US media reports have mentioned witnesses hearing shots fired from a watchtower at a nearby police station, but details remain sketchy. The US security contractor has stuck to its claims that the convoy ran into armed enemies and that Blackwater professionals heroically defended American lives in a war zone. The firm did not respond to a list of questions from SPIEGEL. The US Embassy, which resumed diplomatic journeys outside of the Green Zone last Friday, declined to comment until its own investigation has been completed.
Members of other private security firms are also reluctant to comment on the incident. There are around 30 firms currently operating in the country with between 15,000 and 50,000 employees, drawn mostly from former soldiers and ex-cops. Blackwater is the industrys top dog and follows a high profile approach. Big vehicles, loud sirens, visible weapons, helicopters -- Blackwater favors anything that can be used to keep potential enemies at bay. The aggressive attitude of the firms security details has earned its employees the nickname testosterone monsters. Employees from other security contractors are often happy to get past a Blackwater-run convoy in one piece.
Some other firms -- mostly British and Canadian -- prefer to take a lower profile approach on the streets of Baghdad. Although they also drive armor-plated cars, their vehicles are much more inconspicuous than Blackwaters SUVs. Most are BMW or Mercedes models from the 1980s which have been stripped of conspicuous accessories and which are deliberately left unwashed so as to blend in better on the streets of Baghdad. The drivers wear checkered short-sleeve shirts over their bulletproof vests so as to look like average Iraqi men. Some even go as far as dyeing their blond hair black and wearing dark contact lenses to look more like the locals.
Dozens of such security escorts operate each week in the shadows of Blackwaters convoys in Baghdad. However, that doesnt mean they are guaranteed safe passage around the city. On May 24, four low-profile British security contractors and their client were abducted from the Iraqi Finance Ministry by a group of uniformed men driving cars from the Interior Ministry.

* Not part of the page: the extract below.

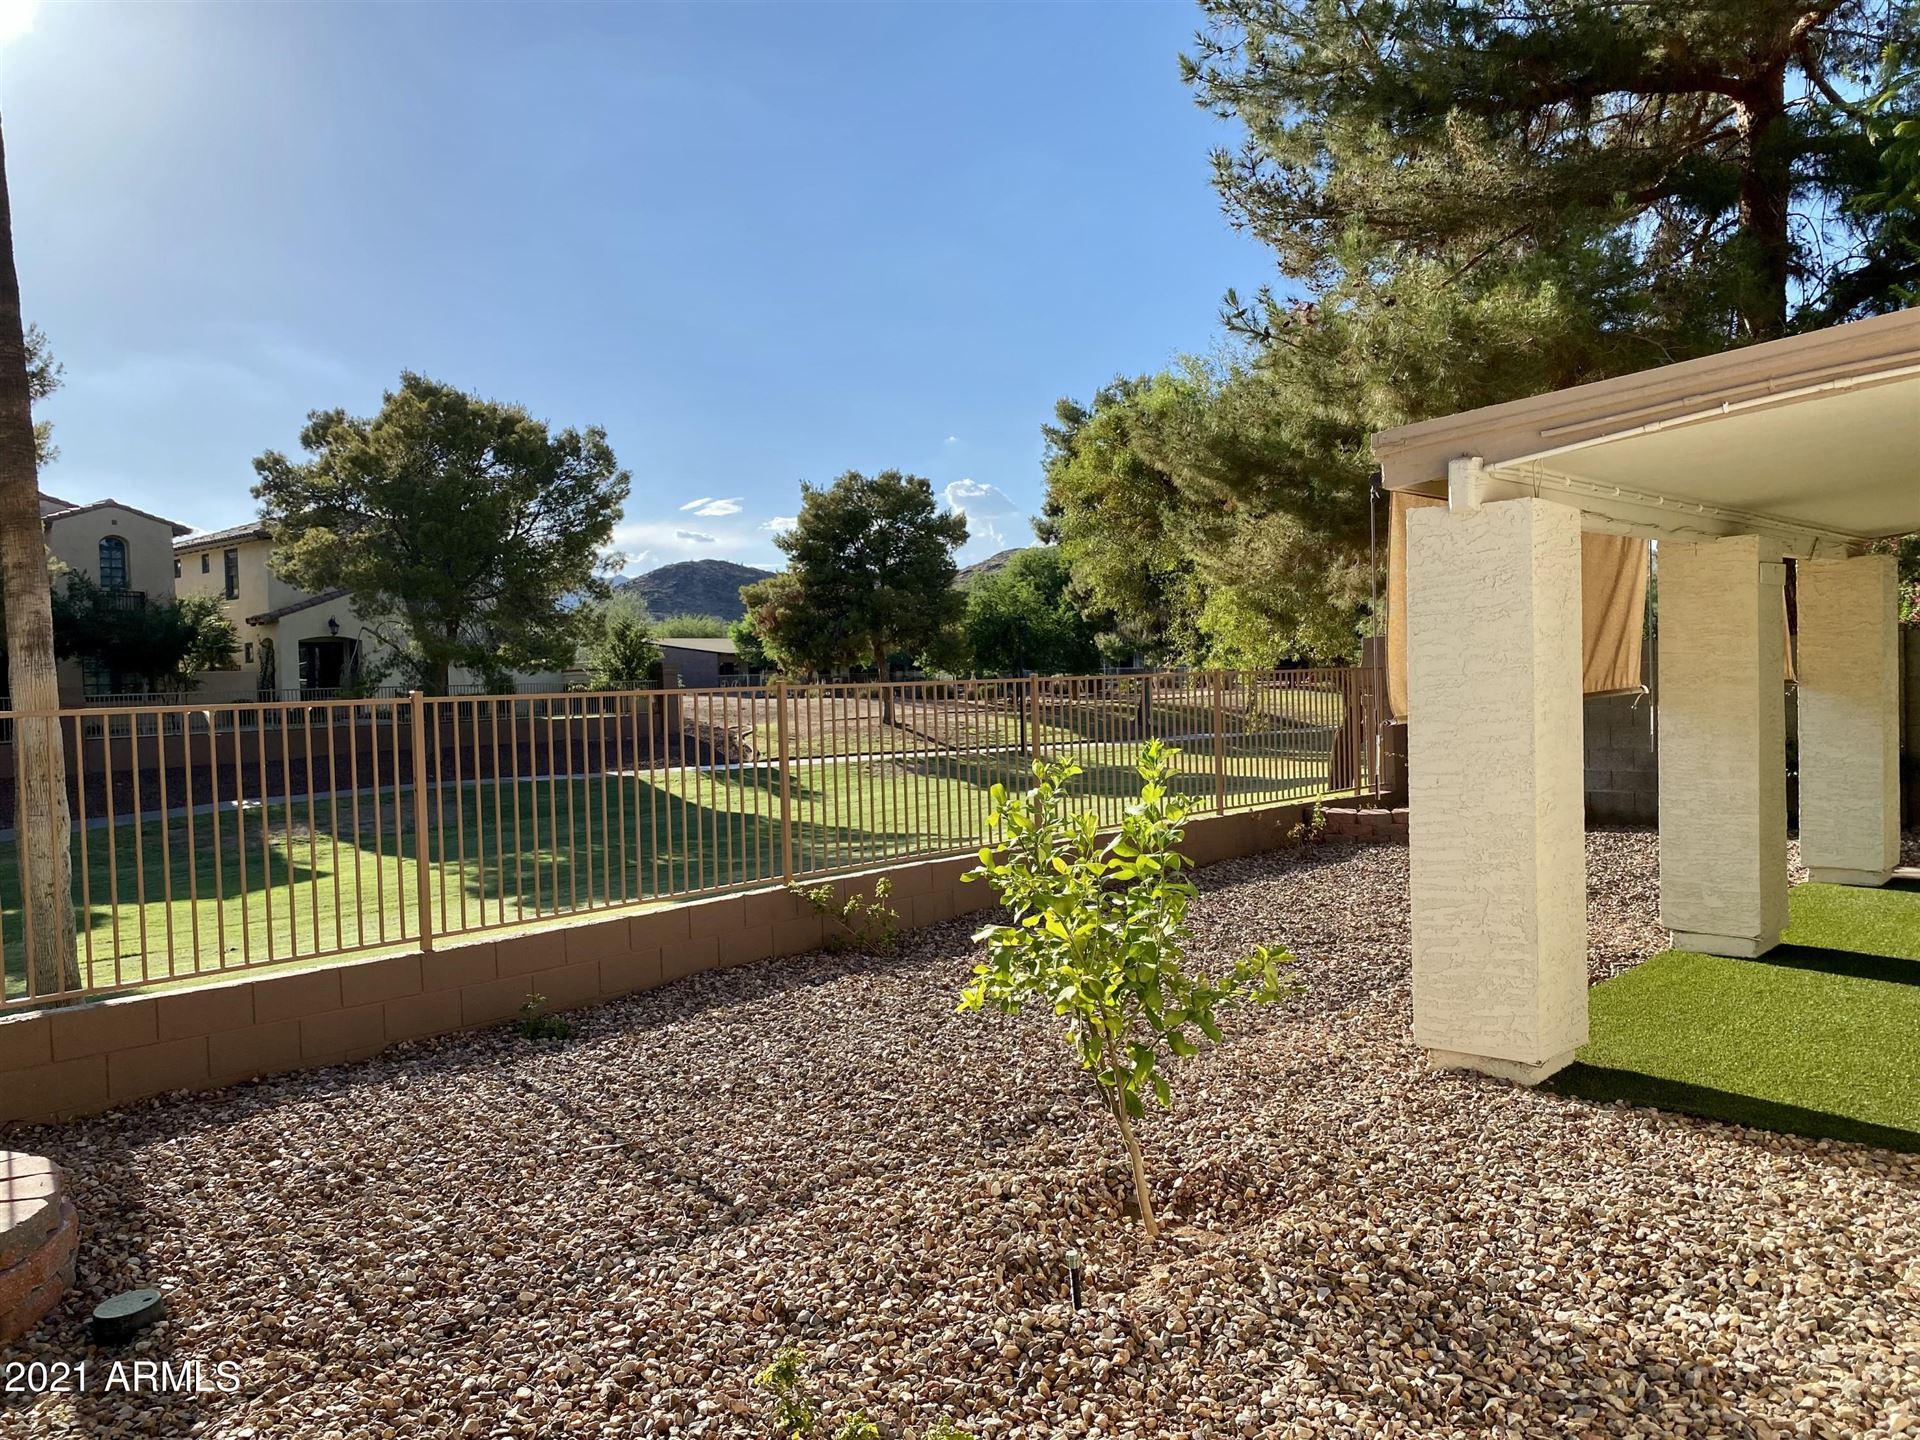 15622 S 35th Way, Phoenix, AZ 85048 - MLS#: 6255758

Since that incident, according to an employee at the US Embassy, some private security firms are convinced theyre at war with the Interior Ministry.
So of course there were plenty of sarcastic comments to be heard around town after Iraqs Interior Minister Jawad al-Bolani presented a report last Thursday that cleared Iraqi authorities of any responsibility in the Nisoor Square shooting. His observation that the incident has destroyed the dignity of Iraqis, however, is right on the mark.
The people on the streets of Baghdad feel more helpless by the day -- but the government's loud declaration that it would toss the private contractors out of the country is an illusion. After all, even Iraqi government ministers are protected by Western security experts.